There was a night -- early on, maybe the first week -- where I spent three hours trying to get something to deploy and it just wouldn't. Some error I didn't understand, and Claude Code kept suggesting fixes that didn't work, and I was going in circles. I closed my laptop at midnight having shipped nothing, and I genuinely thought about quitting. Not dramatically. Just a quiet, tired thought: maybe this isn't for me after all.

I came back the next night. The fix was obvious in the morning, as fixes always are. But that's the night I don't want to forget, because it's the night that matters more than any successful deploy. The willingness to come back after a failure -- that's the whole game.

The feeling

There's a specific emotional transition that happens when you go from "I wish I could build that" to "I just did." It's not gradual. It's a step change. One day you're a person who has ideas. The next day you're a person who makes things. The identity shift is more significant than any individual product.

One day you're a person who has ideas. The next day you're a person who makes things. The identity shift is more significant than any individual product. You don't go back from that.

I've noticed it changing how I think about everything. I used to see a problem and think "someone should solve that." Now I think "I could build that tonight." I used to see a website I admired and think "I wish I could make something like that." Now I think "what would my version of this look like?" The lens has shifted from consumer to maker, and I don't think it shifts back.

What actually changed

People ask me what changed, and they want the answer to be a tool. Claude Code. And yes, Claude Code is the reason I can build things without knowing how to code. It's genuinely transformative and I'm not going to pretend otherwise. But the tool was available to everyone. It's been available for a while. The thing that changed wasn't the tool. It was me deciding to use it.

I was between jobs. The kid was settling into a routine. I had evenings free. And I had fifteen years of ideas backed up with nowhere to go. The tool met the moment. If Claude Code had appeared five years ago, I probably would have tried it, hit the first wall, and gone back to Netflix. The readiness mattered as much as the capability.

What I didn't expect was the speed.
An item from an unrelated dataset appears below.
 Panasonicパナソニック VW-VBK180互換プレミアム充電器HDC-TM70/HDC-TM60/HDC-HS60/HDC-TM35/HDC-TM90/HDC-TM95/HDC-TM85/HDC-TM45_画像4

Not the speed of building -- though that surprised me too -- but the speed of becoming someone who builds. A month. That's all it took. Not a year-long course. Not a bootcamp. Not a career change. One month of evenings, a tool that removed the technical barrier, and a backlog of ideas that had been waiting for exactly this moment.

I don't know what the next month looks like. I don't know if the pace sustains or if this is a burst that levels off. But I know this: a month ago I was a strategy director who wished he could build things. Now I'm a strategy director who builds things. The difference is everything.